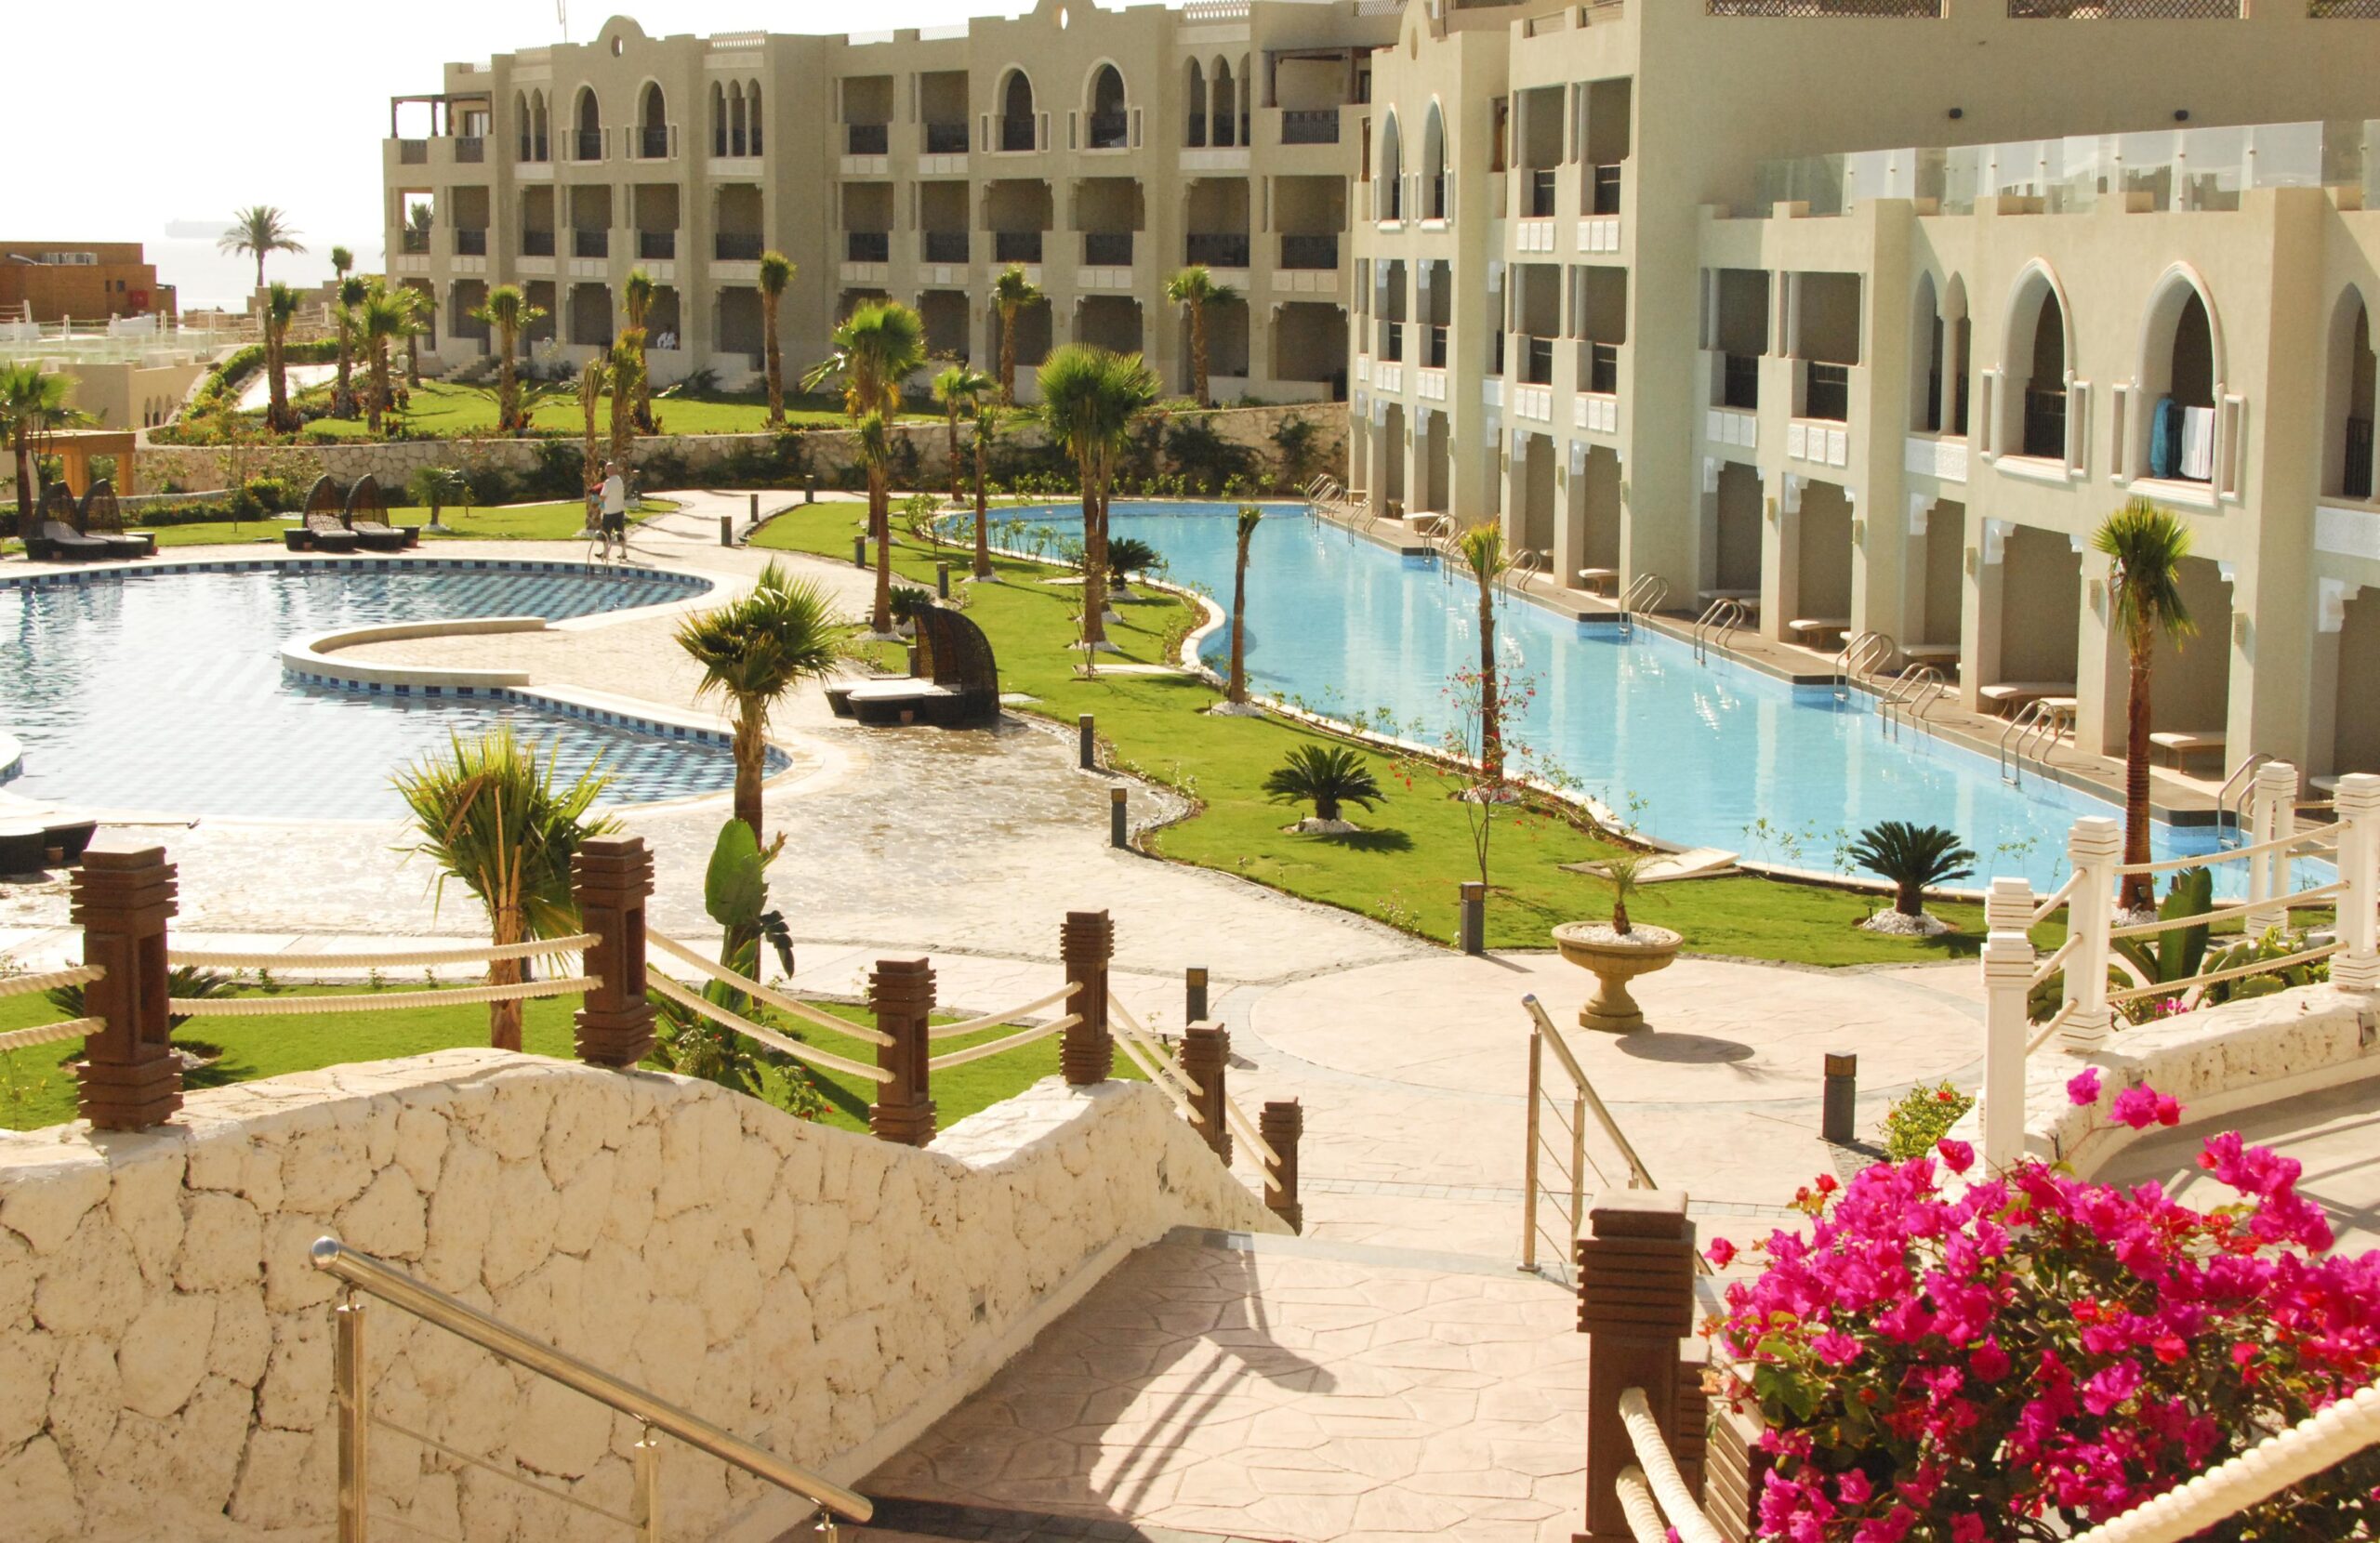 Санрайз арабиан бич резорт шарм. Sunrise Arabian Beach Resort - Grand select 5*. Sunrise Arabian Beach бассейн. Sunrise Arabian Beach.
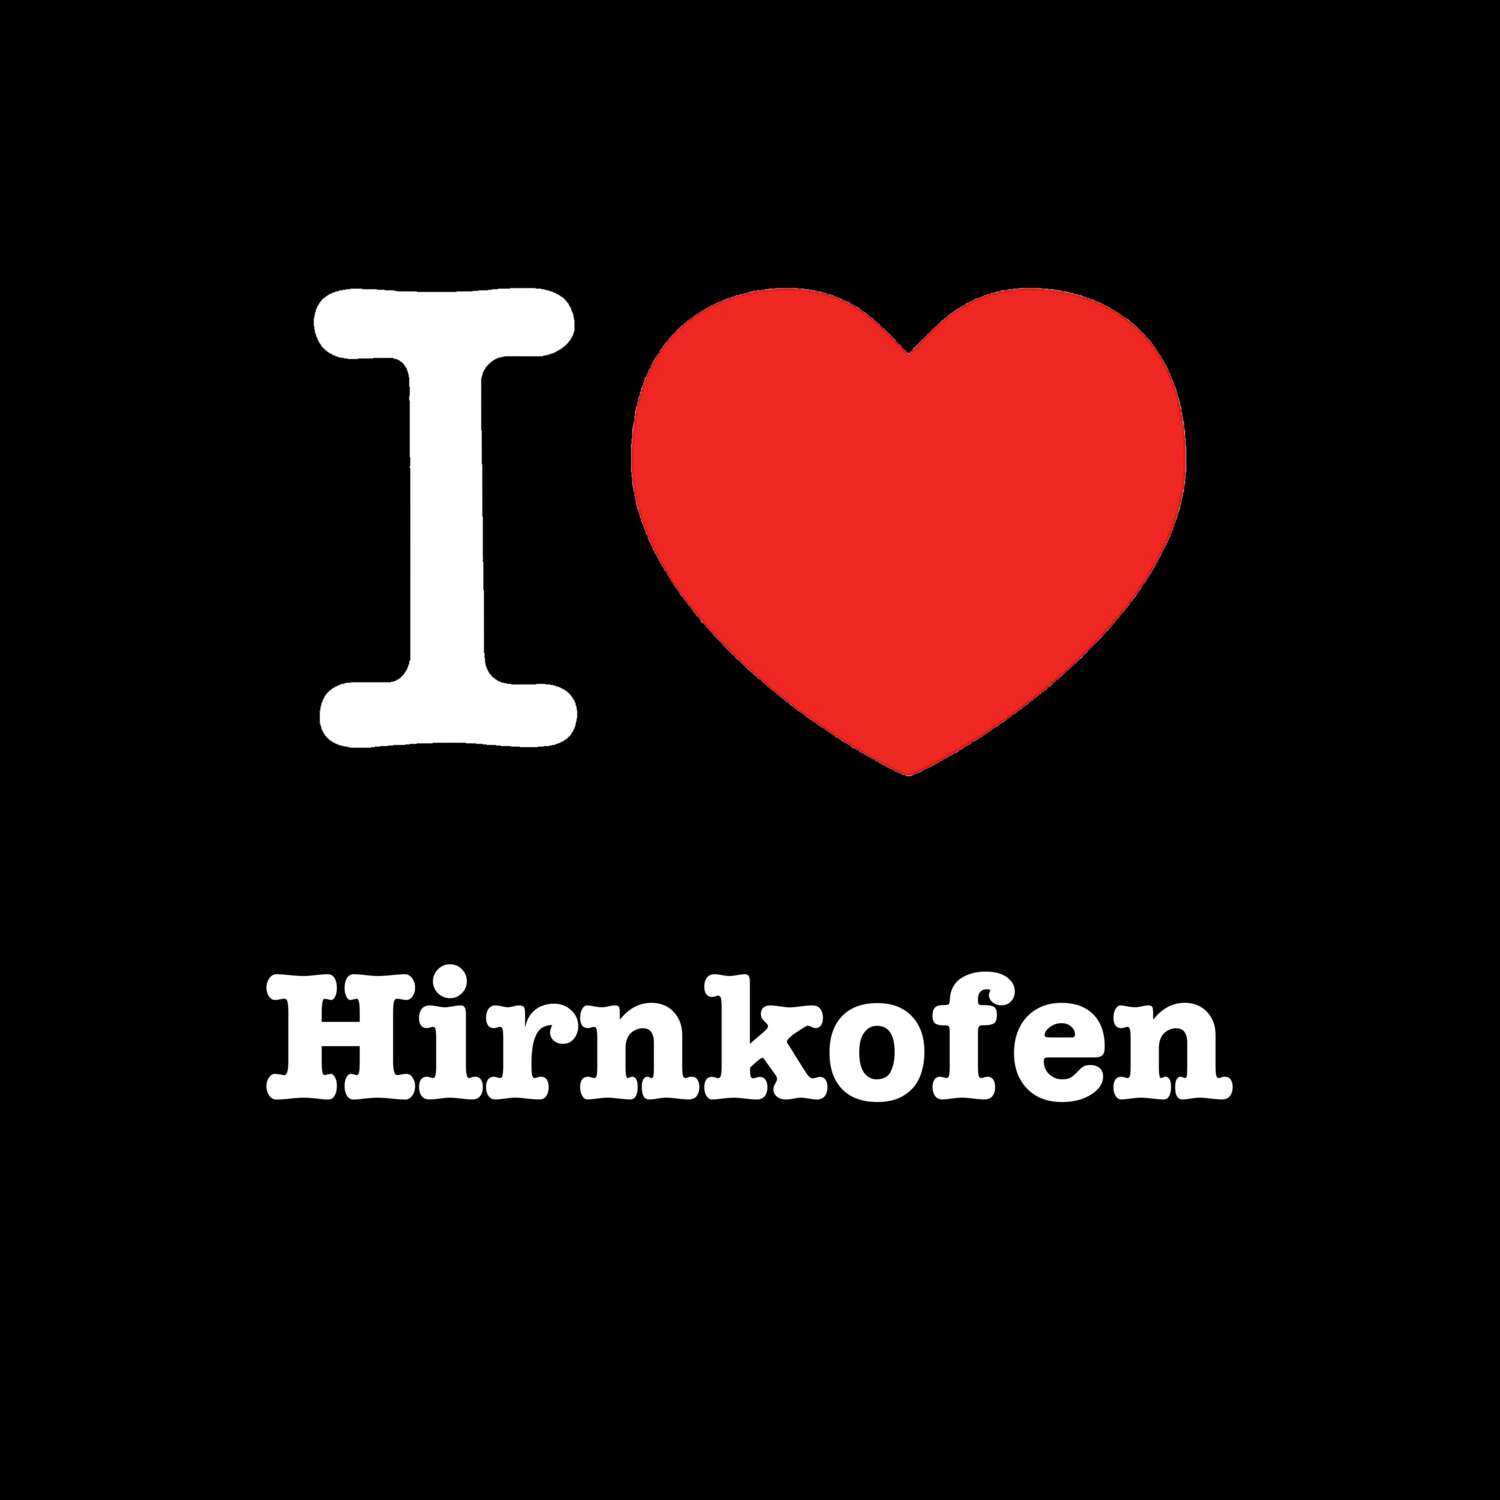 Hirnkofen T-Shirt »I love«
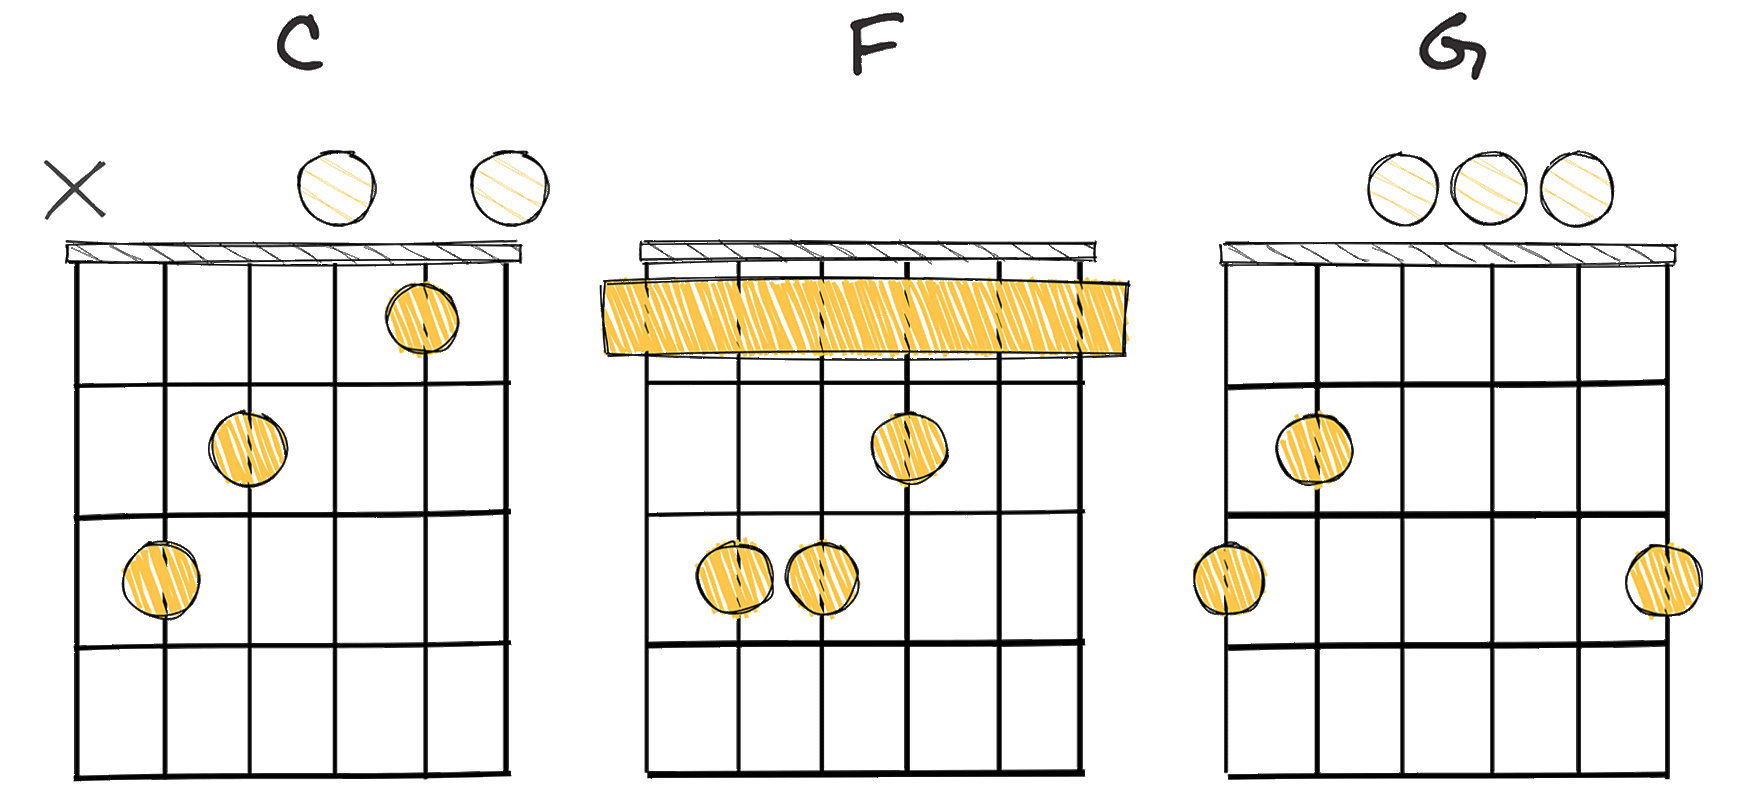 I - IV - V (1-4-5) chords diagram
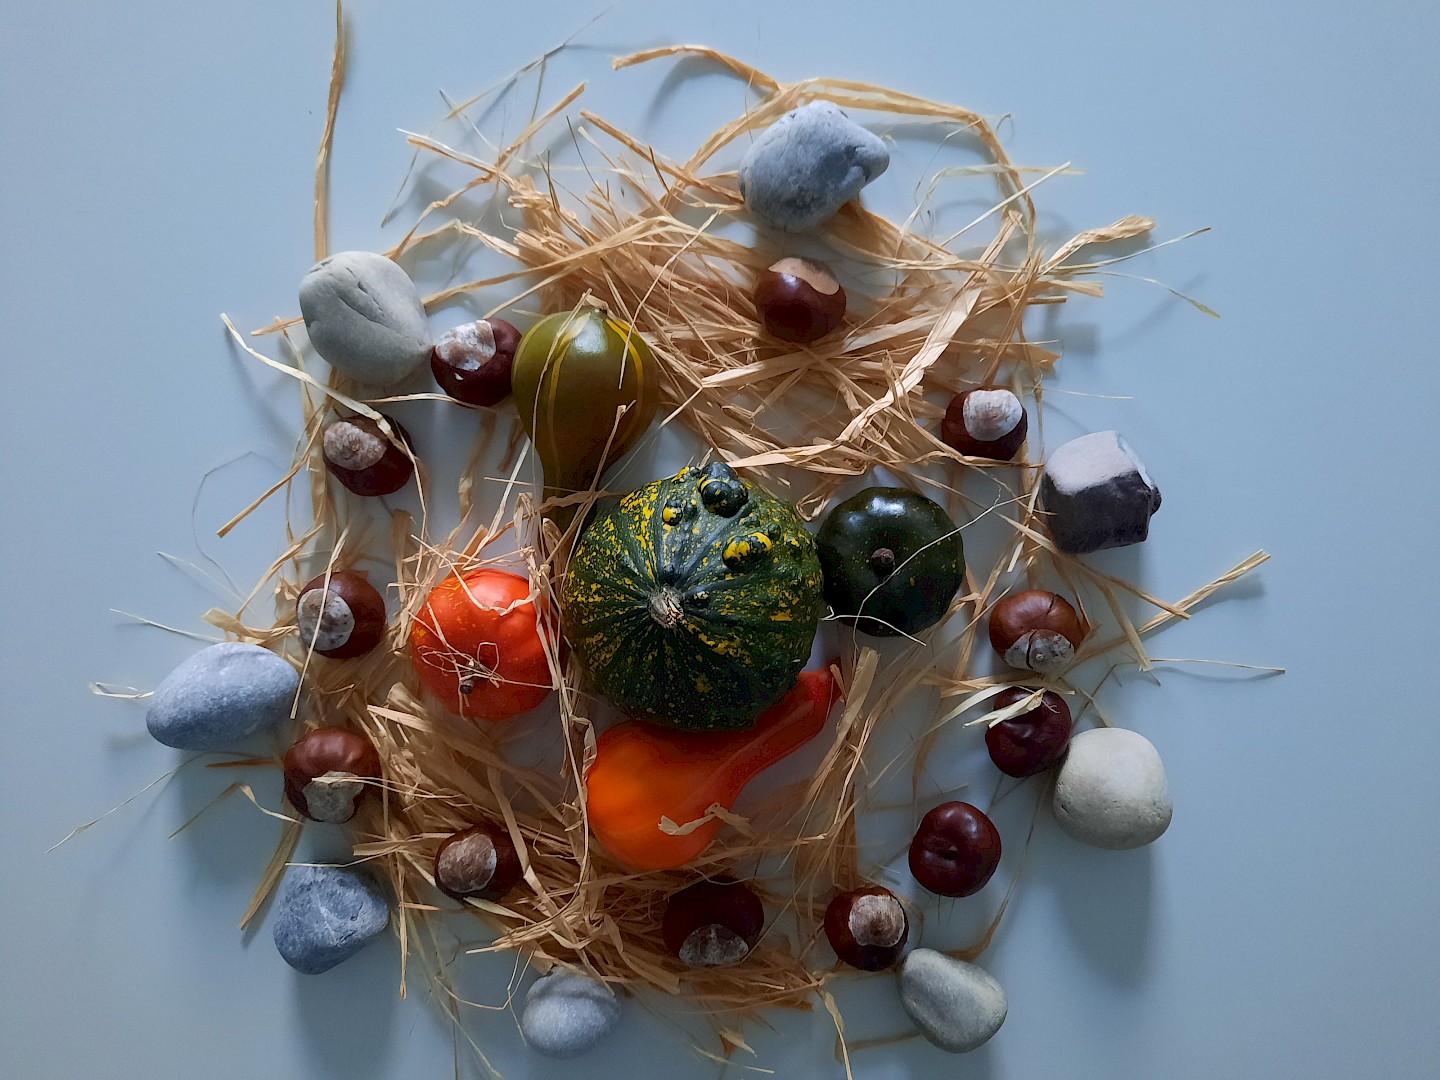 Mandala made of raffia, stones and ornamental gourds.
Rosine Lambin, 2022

◆ ◆ ◆

> _The problem_:
Exact copy, pictures removed: set down the whole listing above.

> _Exercise response_:
 Санрайз арабиан бич резорт шарм. Sunrise Arabian Beach Resort - Grand select 5*. Sunrise Arabian Beach бассейн. Sunrise Arabian Beach.
 Hirnkofen T-Shirt »I love«
 I - IV - V (1-4-5) chords diagram
 Mandala made of raffia, stones and ornamental gourds.
Rosine Lambin, 2022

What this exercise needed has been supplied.